Thank you for the information.

My source is the Memorial Card for my great-great-great-grandfather, which reads:


*****
In Faithful Remembrance of

JOHN HATCHER

Who was killed by falling from the “Mina” whilst repairing the
rudder at the Dry Dock of the Thames Ironwork Company
Limited,

on Saturday, the 4th day of June, 1870

AGED 42 YEARS

“In the midst of Death we are in Life”

*****

Best regards


----------



## BabaAndrew (Apr 9, 2010)

It seems unlikely that such a small vessel (85 tons), based in Scottish waters, would have gone to the Thames for repair.

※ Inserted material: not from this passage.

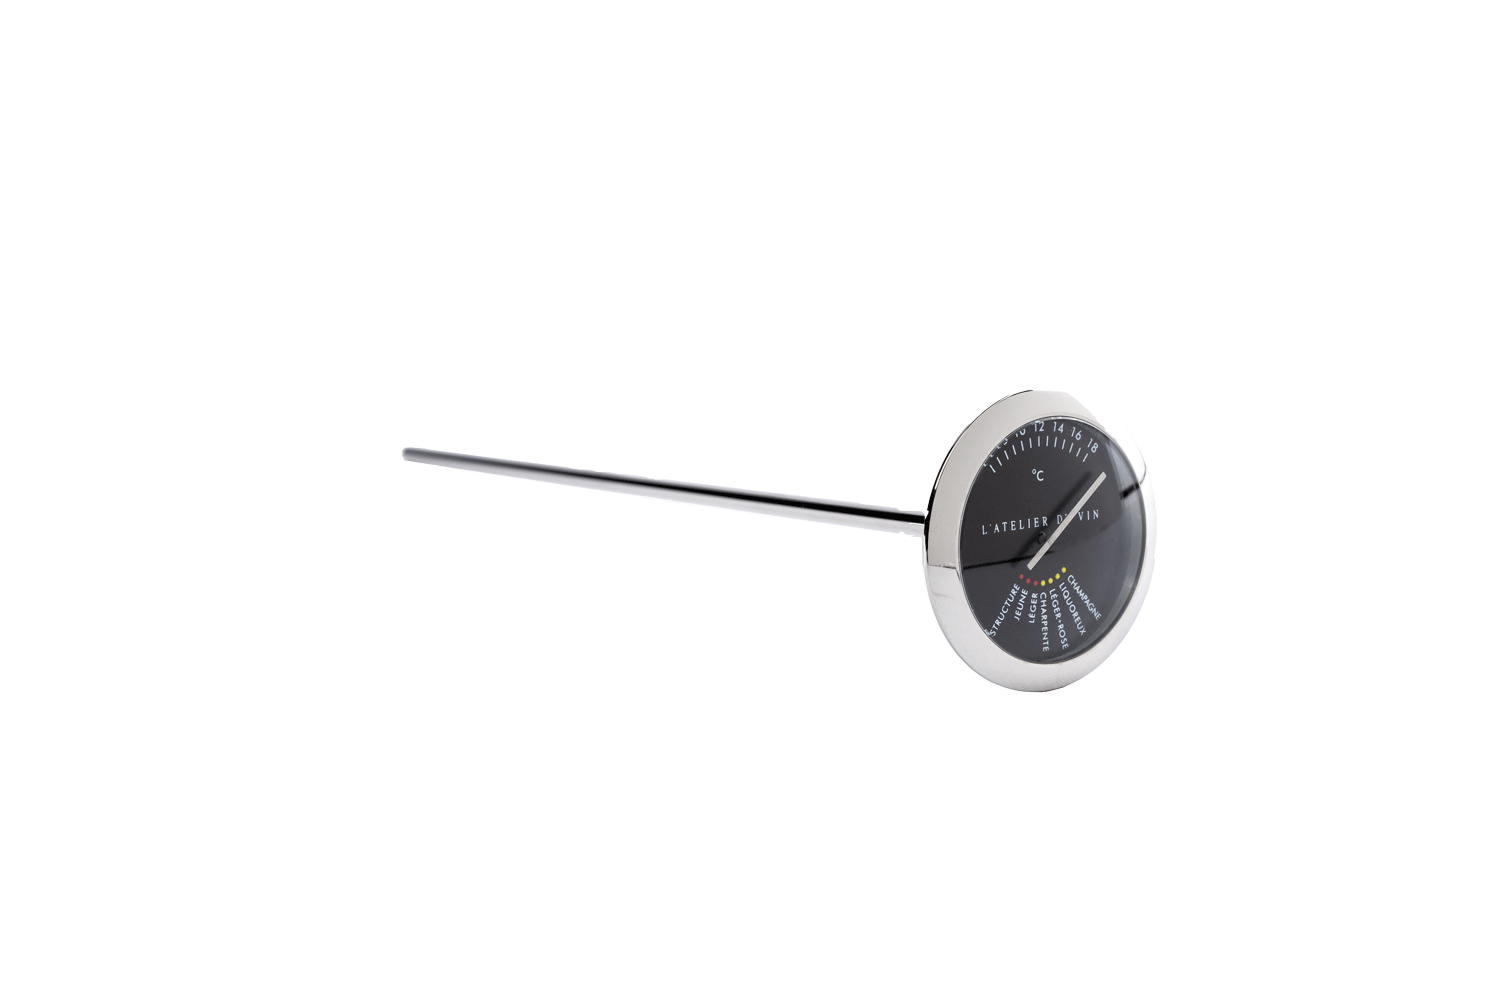 Paderno World Cuisine LAtelier Du Vin Wine Thermometer Stainless Steel by Paderno World Cuisine 
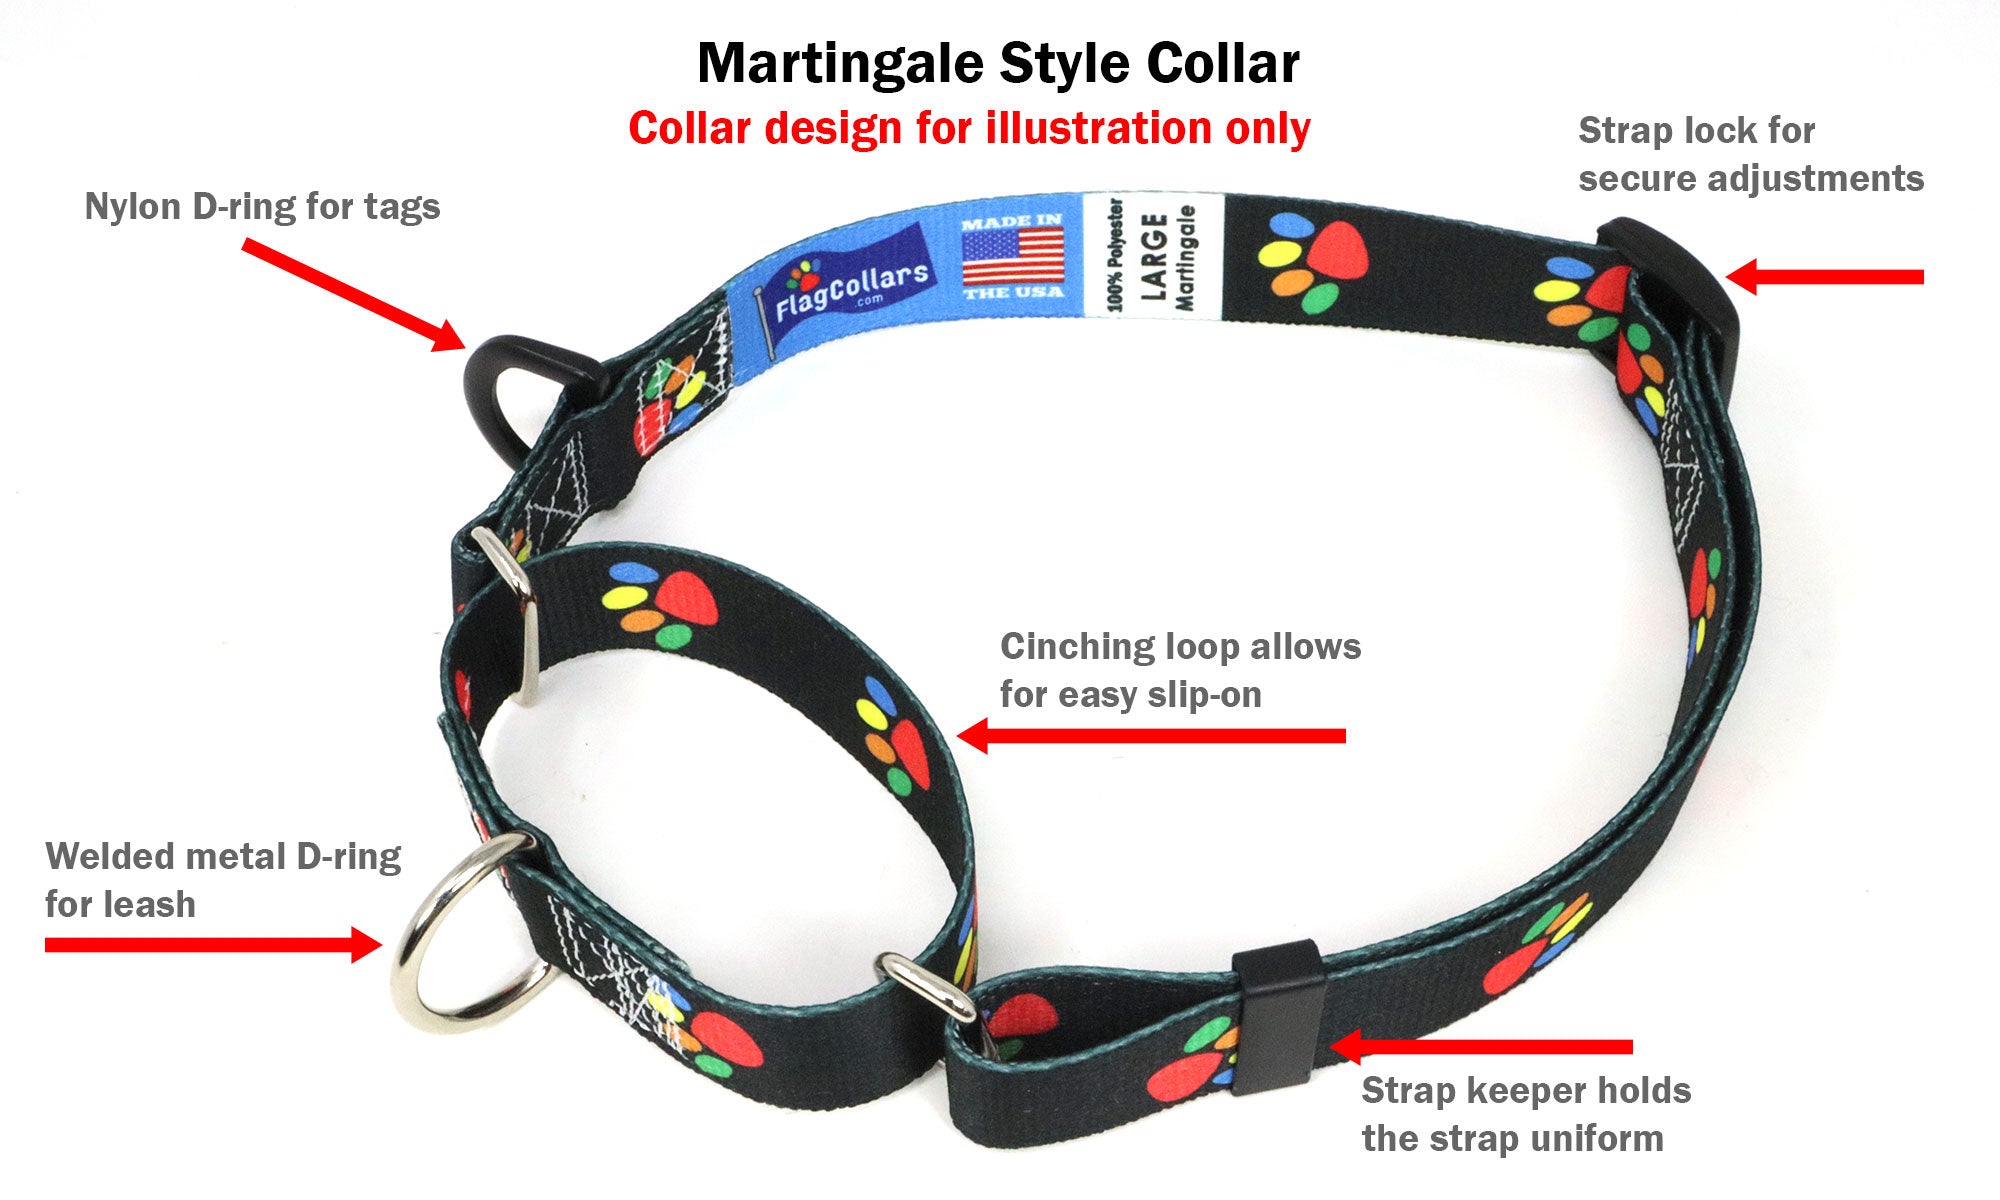 Bulgaria Dog Collar | Quick Release or Martingale Style | Made in NJ, USA

This being the case, can you possibly also provide any further information on the Minna's?

Best regards


----------



## BabaAndrew (Apr 9, 2010)

I have just found out about another 'Mina', namely...

IDNo: 5616804 
Year: 1865 
Name: MINA 
Type: Cargo ship 
Flag: EGY 
Tons: 240 
Link: 1924 
DWT: 0 Yard No: 71 
Country of build: GBR 
Builder: Henderson Coulborn 
Material of build: I 
Location of yard: Renfrew 

Any further information or leads would be greatly appreciated!


----------



## riversea (Jul 19, 2007)

This last one built as NINON so presumably must have been sold as MINNA prior to the accident in 1870, if indeed it is her. No idea just what type of ship she was.


----------



## Roger Griffiths (Feb 10, 2006)

I have seen those two sources from Miramar and the Clydebuilt site and I find them erroneous.
Can you find any other primary sources for the vessel? in question? If so could you enlighten me.
I agree that It seems unlikely (but possible) that such a small vessel (85 tons), based in Scottish waters, would have gone to the Thames for repair, but I discounted the other MINA? as she was Egyptian flagged. MINA is the Egyptian word for sea.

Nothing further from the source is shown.